Understanding when to use pre-recorded versus streaming is critical for clinical workflows.
Use Pre-recorded (Universal-3-Pro) when:
Post-visit documentation - Encounter already happened, need highest accuracy
- Maximum accuracy required - Universal-3-Pro has highest medical terminology accuracy
- Complex medical terminology - Rare medications, genetic conditions, specialized procedures
- HIPAA compliance critical - Full PII redaction with audio de-identification
- Structured note generation - SOAP notes, H&P, discharge summaries via LLM Gateway
- Quality assurance - Review and editing workflow needed
- Specialty documentation - Oncology, cardiology, neurology with complex terminology
- Speaker diarization needed - Automatic provider vs. patient separation
Best for: Post-visit SOAP notes, specialist consultations, hospital discharge summaries, quality review
Use Streaming (Universal-3 Pro Streaming) When:
Live encounter documentation - Real-time transcription during patient visit
- Immediate documentation - No delay between encounter and note
- Telemedicine visits - Document while seeing patient virtually
- Emergency department - Fast-paced, immediate documentation needed
- Primary care visits - Standard encounters with common terminology
- Real-time review - Provider can review and correct during visit
- Ambient documentation - Microphone running throughout encounter
Best for: Telemedicine, primary care visits, ED encounters, real-time clinical decision support
Hybrid Approach (Recommended)
Many medical scribes use both:
- Streaming during visit - Real-time documentation, immediate review by provider
- Universal-3-Pro post-processing - Run audio through Universal-3-Pro after visit for:
- Highest accuracy verification
- Complex terminology correction
- Complete HIPAA compliance workflow
- Final structured note generation
- Speaker diarization (provider vs. patient)
Example workflow:
- Provider sees patient → Streaming captures real-time notes
- Visit ends → Audio sent to Universal-3-Pro for final high-accuracy transcription
- LLM Gateway generates structured SOAP note from high-accuracy transcript
- Provider reviews and signs final note
This gives real-time utility during visits while ensuring maximum accuracy for official documentation.
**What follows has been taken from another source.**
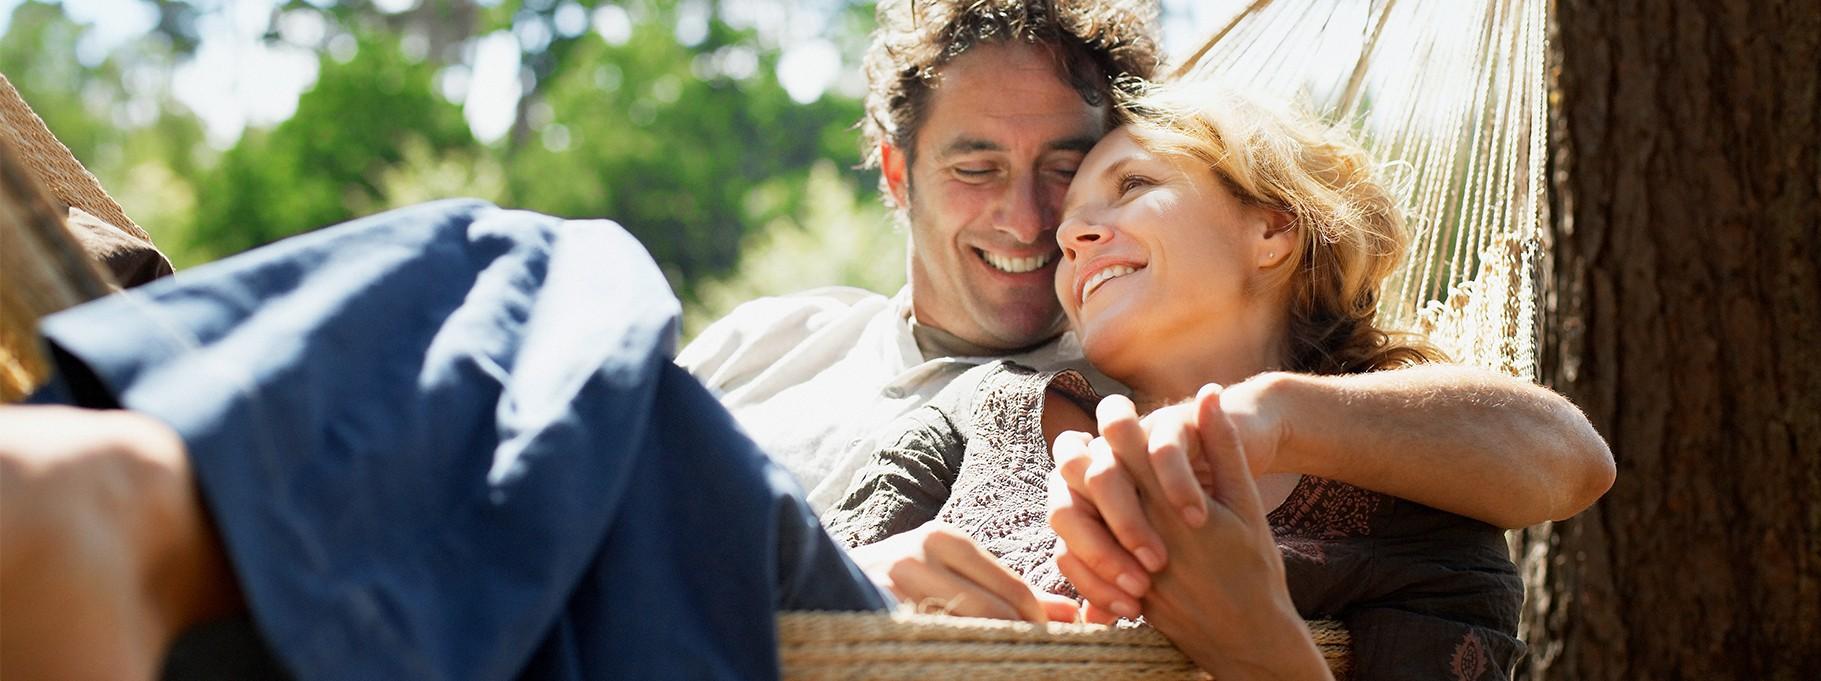 Ein Paar in einer Hängematte

What Languages and Features for a Medical Scribe?
Pre-Recorded doctor patient visits (Universal-3-Pro)
Languages: For post-visit documentation, Universal-3-Pro supports English for the highest accuracy transcription. If you want to use other languages, Universal-2 is a suitable alternative.
Core Features:
- Speaker diarization (provider-patient separation)
- Multichannel audio support — when provider and patient are on separate audio channels, enables perfect speaker separation without diarization
- Automatic formatting, punctuation, and capitalization
- Keyterms Prompting for medical specialties and conditions (up to 1000 terms for Universal-3-Pro)
- Ability to prompt on related medical terms and improve the accuracy of others (for example,
ibuprofenimprovingnaproxen) - Natural language prompting (Universal-3-Pro) — up to 1,500 words to guide transcription behavior
Speech Understanding Models:
- Entity detection for medications, conditions, and procedures
- Sentiment analysis for patient experience insights
- Speaker identification for separating doctor and patient in a visit
Guardrails:
- PII redaction on text and audio for HIPAA compliance
Real-Time Streaming (Universal-3 Pro Streaming)
Languages:
For live encounter transcription, Universal-3 Pro Streaming (u3-rt-pro) supports English, optimized for medical contexts with the highest streaming accuracy. Use with domain: "medical-v1" for improved medical terminology recognition.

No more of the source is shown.